The Lords of the New Church is the debut studio album by the English/American rock band The Lords of the New Church. It was released in 1982 by Illegal Records in the UK and by I.R.S. Records in the US.

The album was well-received at the time and peaked at #3 on the UK Indie Chart with the single "Open Your Eyes" reaching #7 on the UK Indie Chart, #34 on the Canadian charts and #27 on the US Rock chart. Two other singles also made the UK Indie Chart: "New Church" (#34) and "Russian Roulette" (#12).

Background 
The Lords of the New Church were formed in 1981 by singer Stiv Bators and guitarist Brian James, who had been founding members of Cleveland's Dead Boys and London's the Damned, respectively.
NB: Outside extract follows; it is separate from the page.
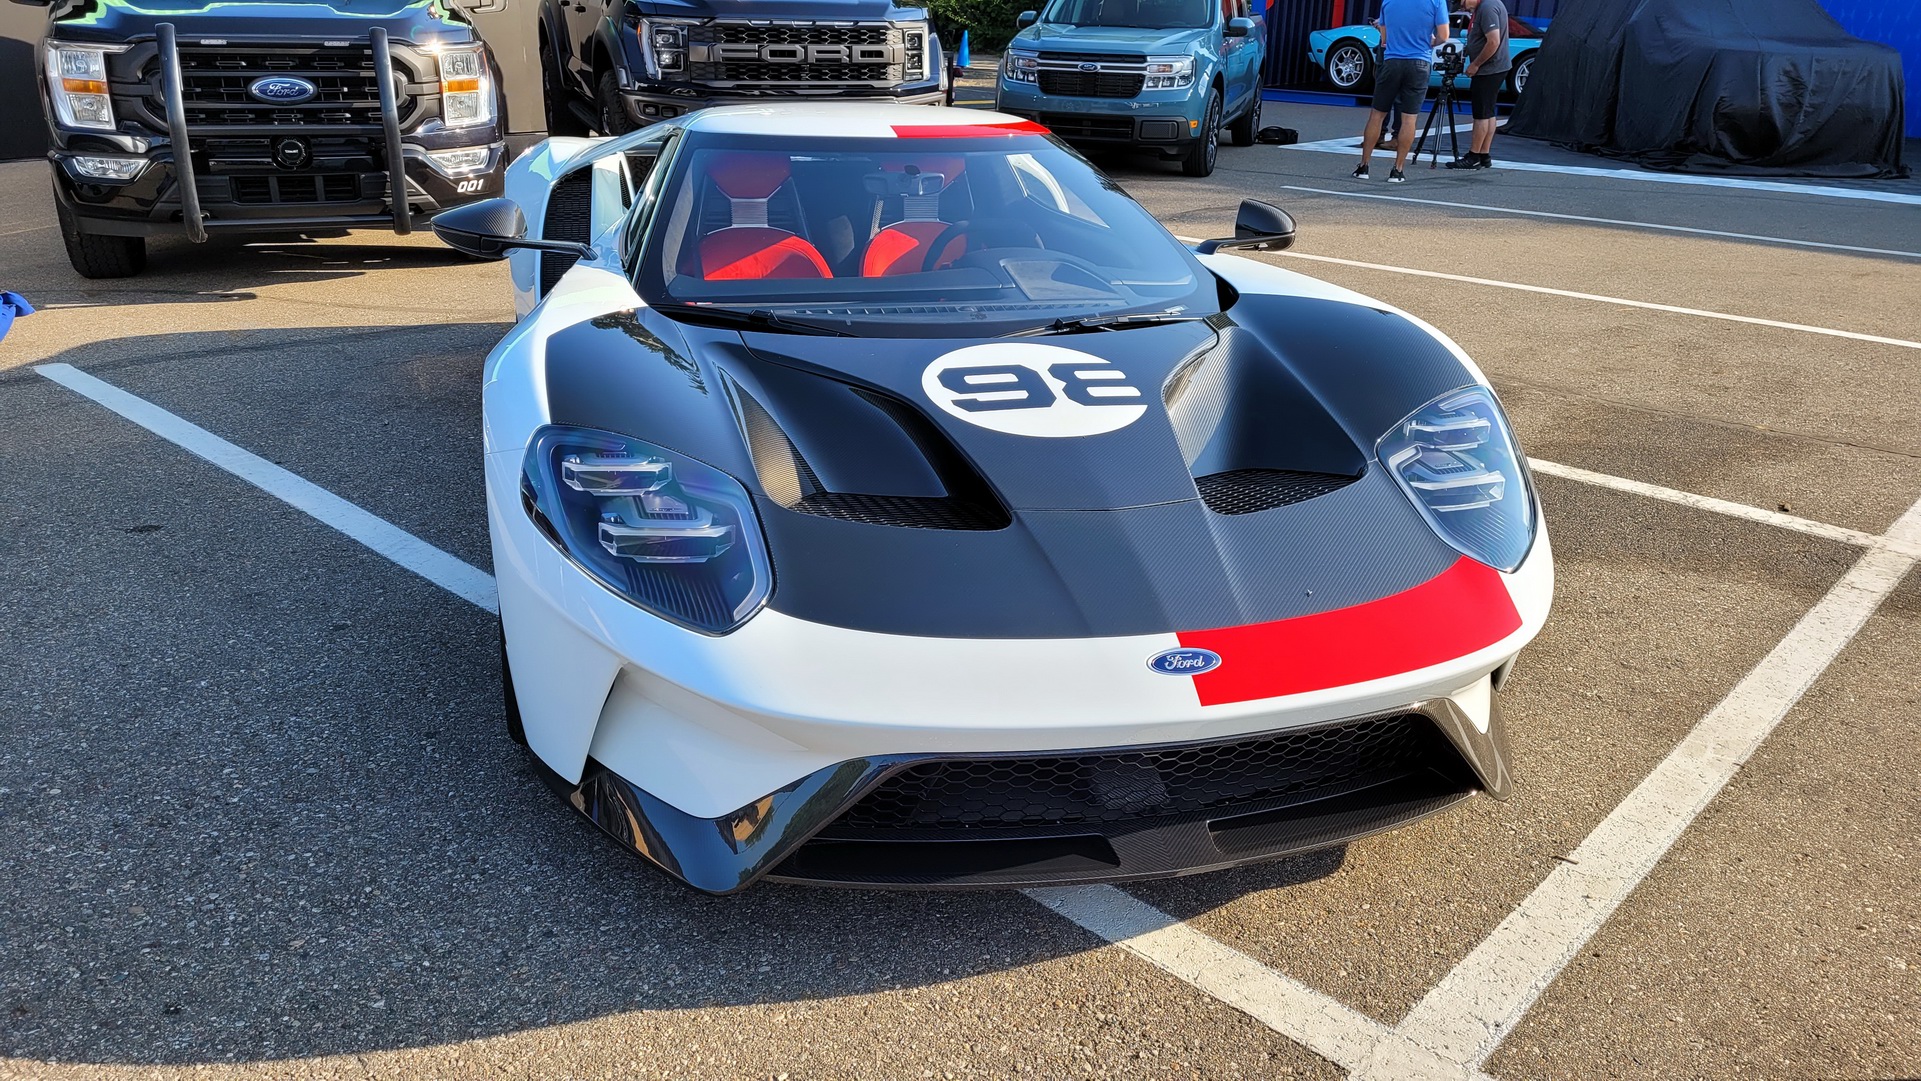 Woodward Dream Cruise Photo: The 2022 Ford GT '64 Heritage Edition

The two experimented for a time with different rhythm sections, before bassist Dave Tregunna (ex-Sham 69) and drummer Nicky Turner (ex-the Barracudas) joined the fold. Their first recordings as a band was the debut single "New Church" and its B-side "Livin' on Livin'", after which they recorded the rest of the album. It was recorded at Farmyard Studios in England and produced by the band themselves. Stiv Bators said in 1986: "The Lords was a definite sound that I had in my head ... the jungle rhythms and sort of an eerie voodoo guitar. Brian had almost the same sound in his head."

"Russian Roulette", which took lyrical inspiration from the film Apocalypse Now, had been introduced to the Lords during their first rehearsals with the song's writers, bassist Tony James and drummer Terry Chimes. Brian James: "When Stiv  and I started forming the Lords, we were looking for bass and drum set up. First of all we started playing with Tony James and Terry Chimes and we rehearsed a few times with that set up, just kind of messing about, feeling it out." This constellation lasted three months, according to Tony James, but "Russian Roulette" stayed and made the album. Tony James: "I actually wrote what is considered to be one of their best songs ... . If you take a look at the song credit on the label you’ll see it’s credited to James/Chimes although I wrote it all."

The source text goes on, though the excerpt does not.